- DESCRIPTION OF THE TASK: Copy the lines below exactly, starting at the one with "Η Ρωσία ανακοίνωσε" and ending at the one with "çorapkolik 3'lüunisex Siyah-beyaz", and leave out any picture.

- RECORDED INFORMATION:
----------
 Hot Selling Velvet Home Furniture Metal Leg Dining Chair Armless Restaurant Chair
----------
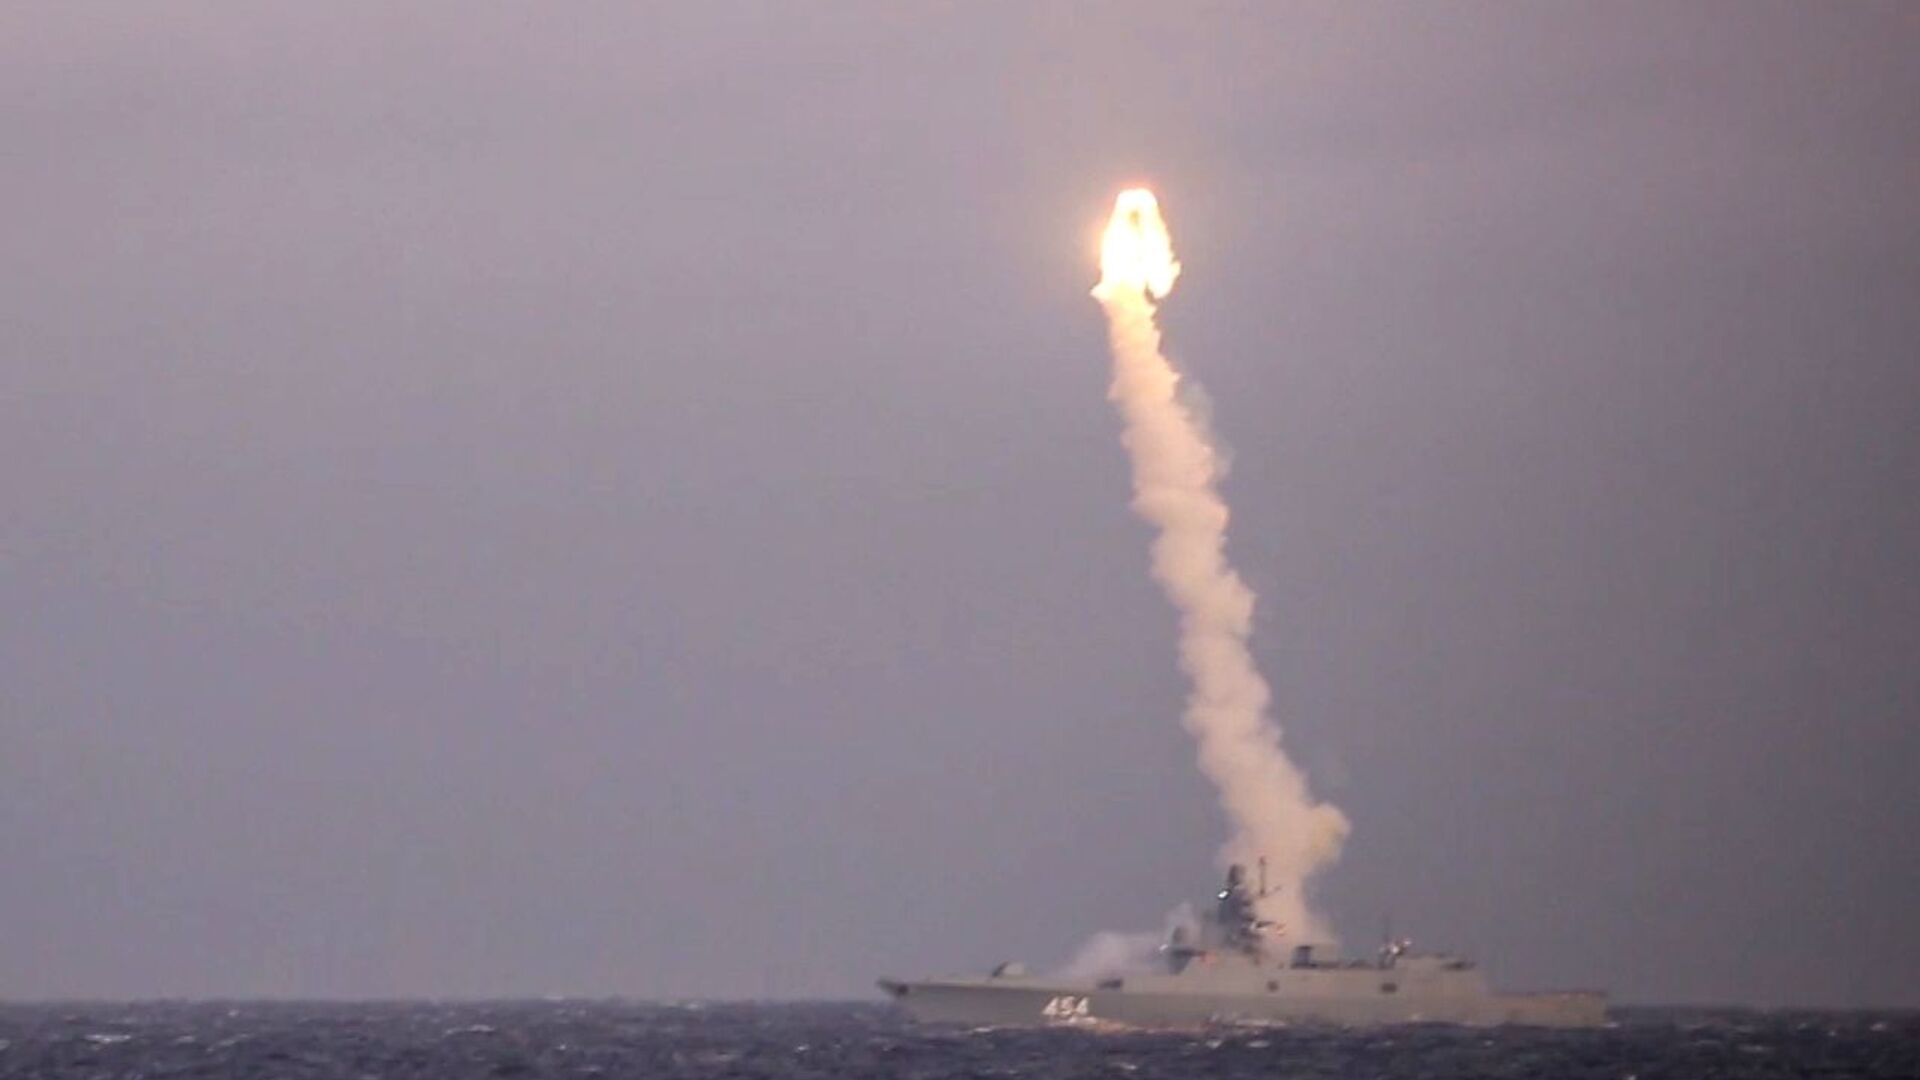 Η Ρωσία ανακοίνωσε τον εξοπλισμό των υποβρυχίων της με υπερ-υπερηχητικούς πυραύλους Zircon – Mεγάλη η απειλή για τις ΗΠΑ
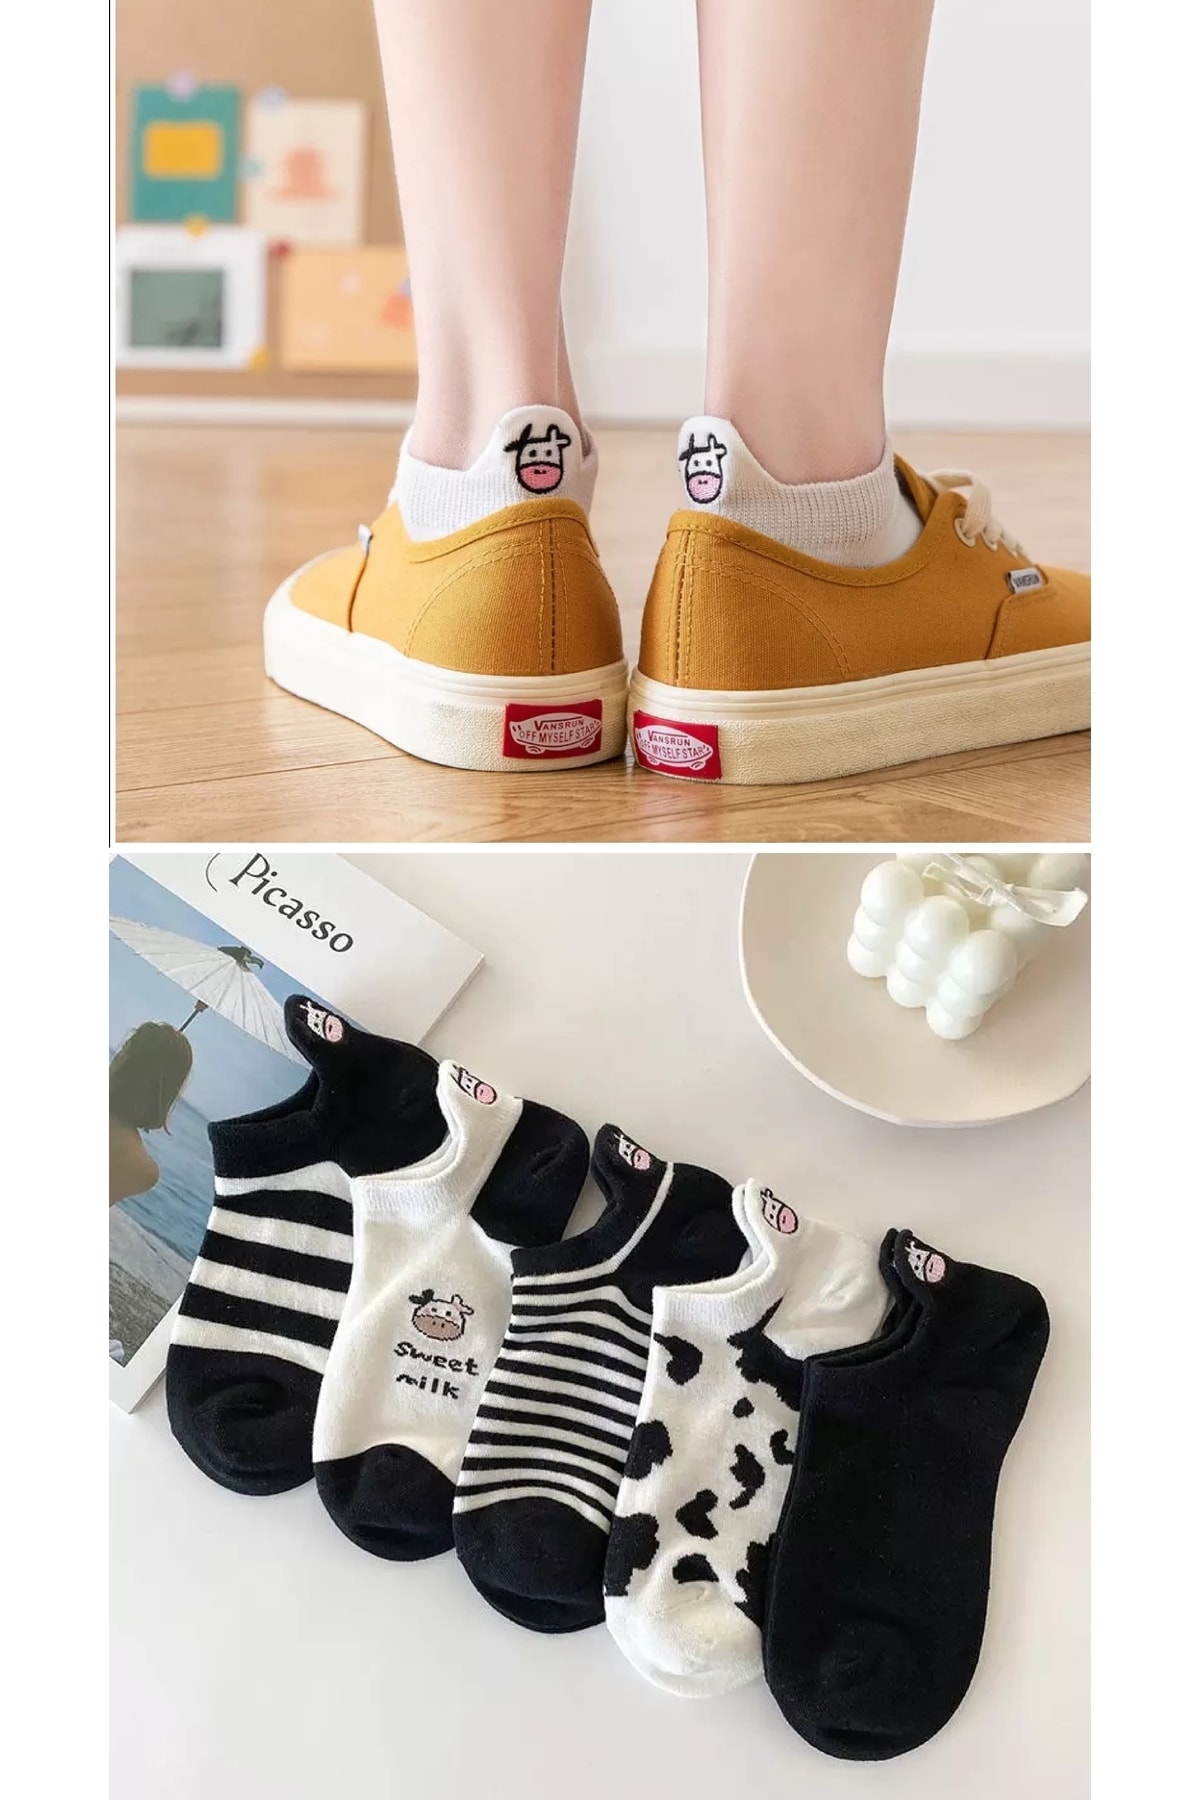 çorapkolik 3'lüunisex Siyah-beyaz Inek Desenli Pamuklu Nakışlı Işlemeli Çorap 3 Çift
----------
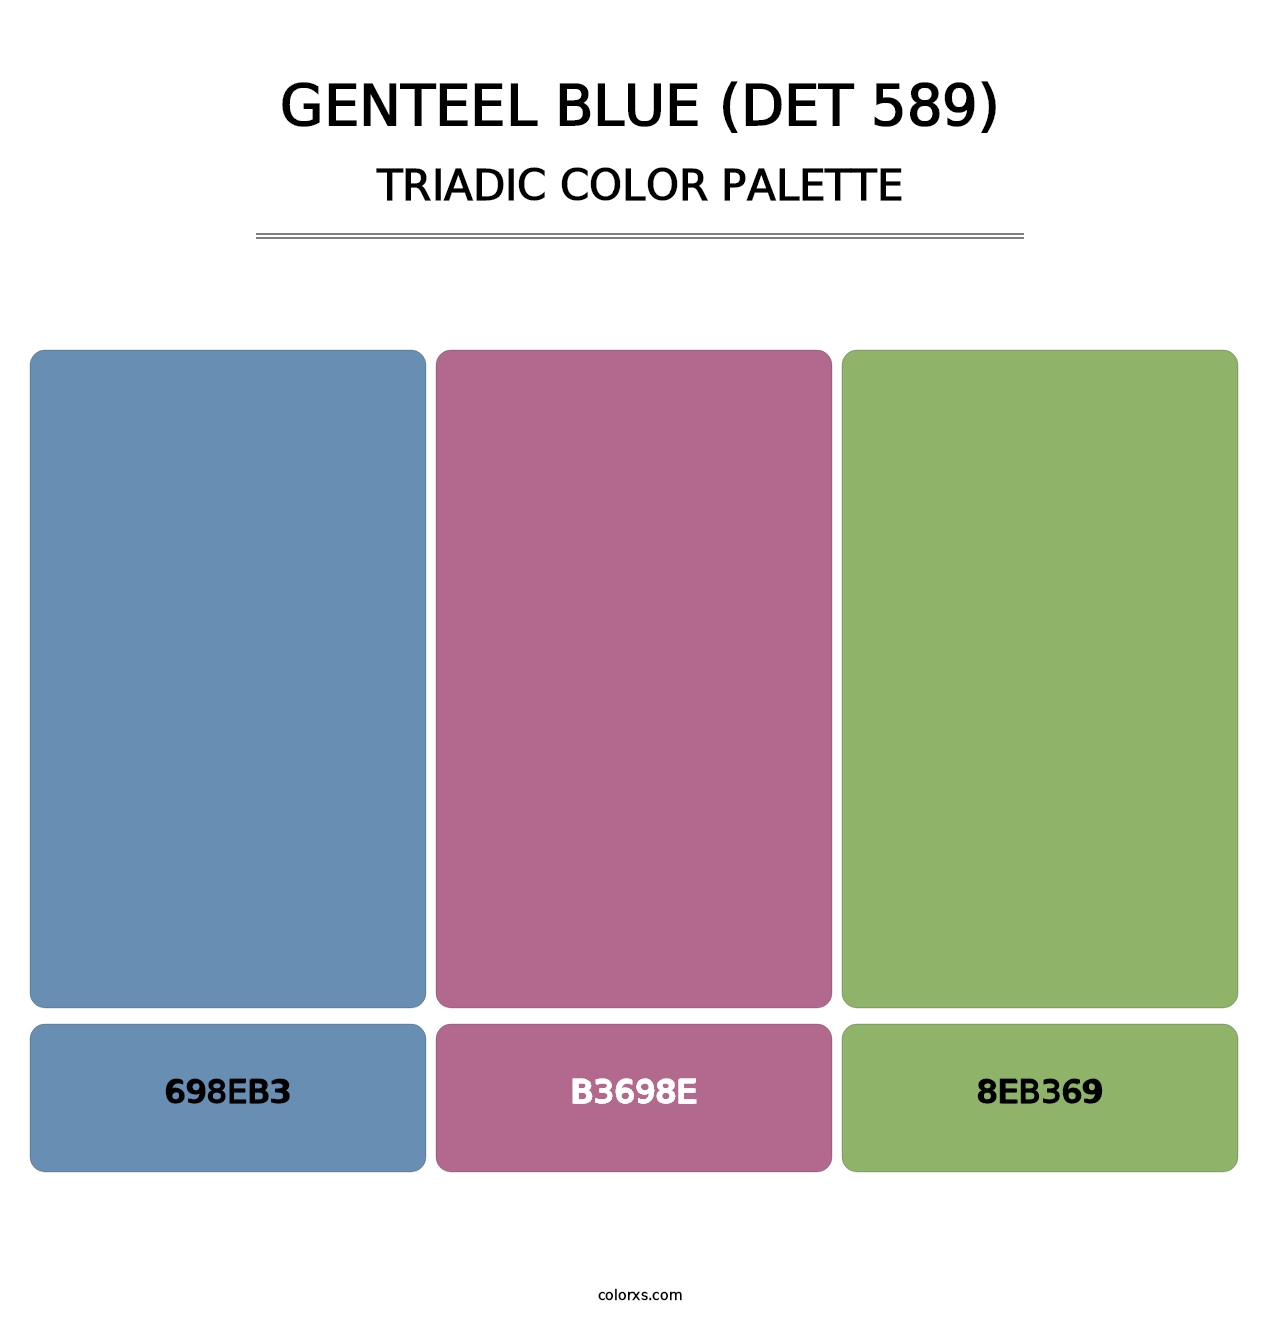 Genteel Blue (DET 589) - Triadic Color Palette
----------
- RESPONSE TO THE TASK:
 Η Ρωσία ανακοίνωσε τον εξοπλισμό των υποβρυχίων της με υπερ-υπερηχητικούς πυραύλους Zircon – Mεγάλη η απειλή για τις ΗΠΑ
 çorapkolik 3'lüunisex Siyah-beyaz Inek Desenli Pamuklu Nakışlı Işlemeli Çorap 3 Çift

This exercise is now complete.